Moreover, in the present embodiment, individual electrode
determination piezoelectric elements 60 are provided on the
respective surfaces and the electrodes (determination common
electrodes 62 and determination individual electrodes 64) of these
determination piezoelectric elements 60 are bonded respectively
together, in such a manner that a determination signal is extracted
via common electrode leads for the determination common electrodes
62 and the determination individual electrodes 64, (namely, from
the determination common electrode lead 66 and the determination
individual electrode lead 68).
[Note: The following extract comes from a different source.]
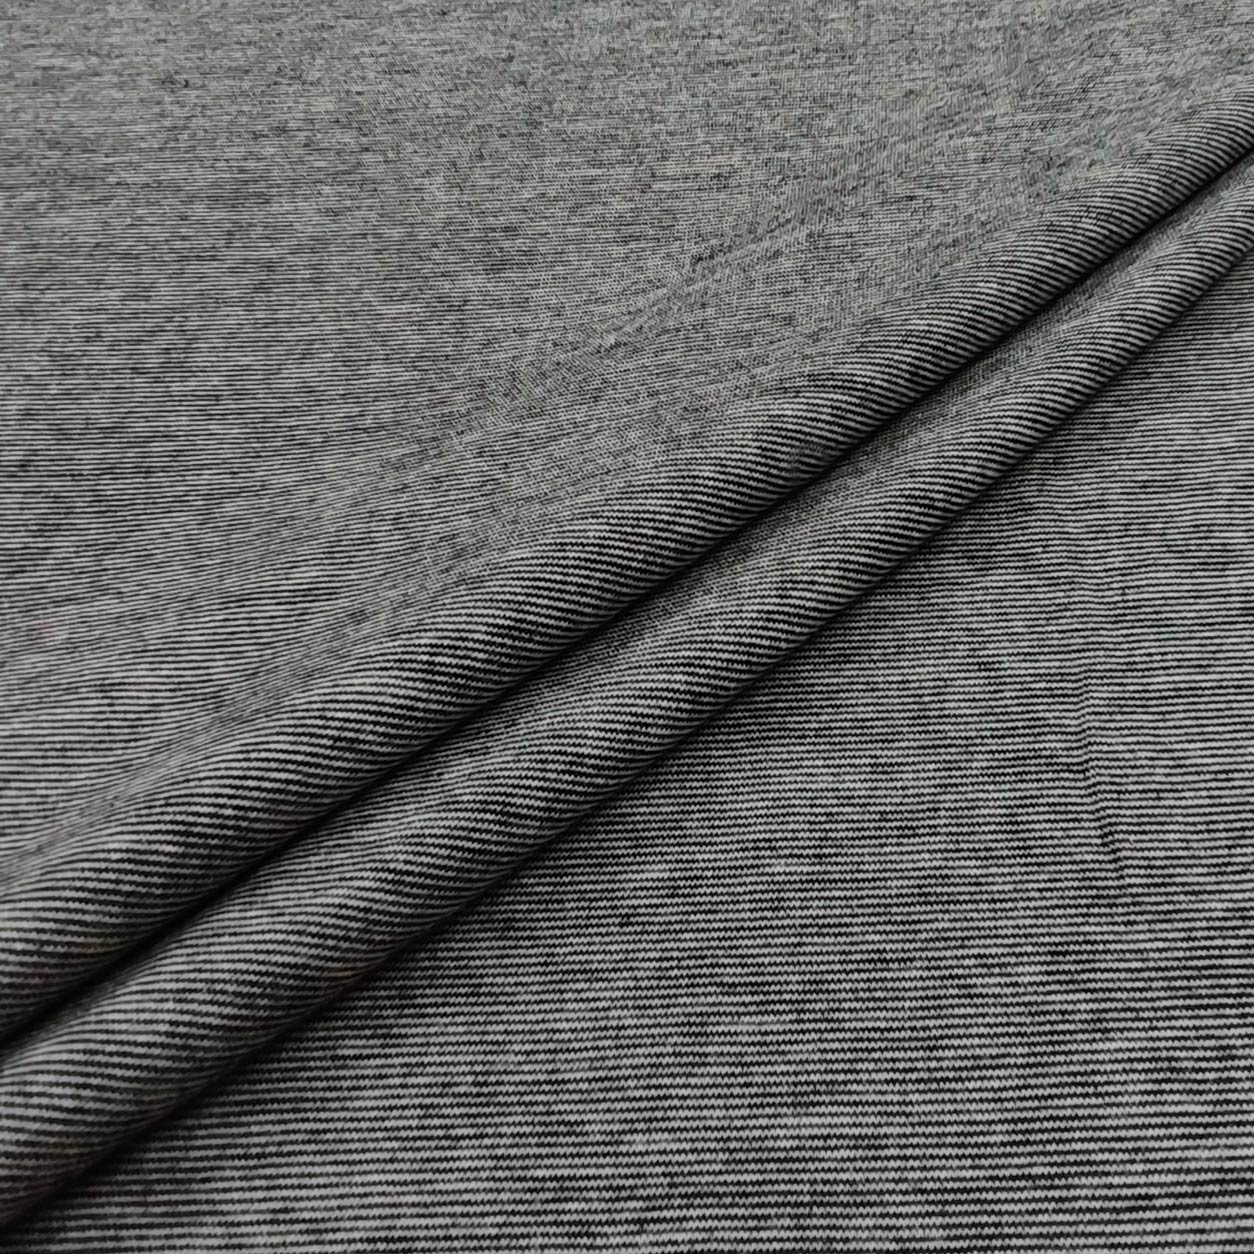 tessuto-jersey-righe-sottili-nero-grigio

However, the determination
piezoelectric elements 60 may also be formed in an integrated
manner on the respective surfaces, or alternatively, separate
electrode leads may be provided for the electrodes of the
determination piezoelectric elements 60 (and in particular, the
determination individual electrodes 64).
MODIFICATION EXAMPLE
[0176] Next, a modification example of the first to third
embodiments described above will be explained.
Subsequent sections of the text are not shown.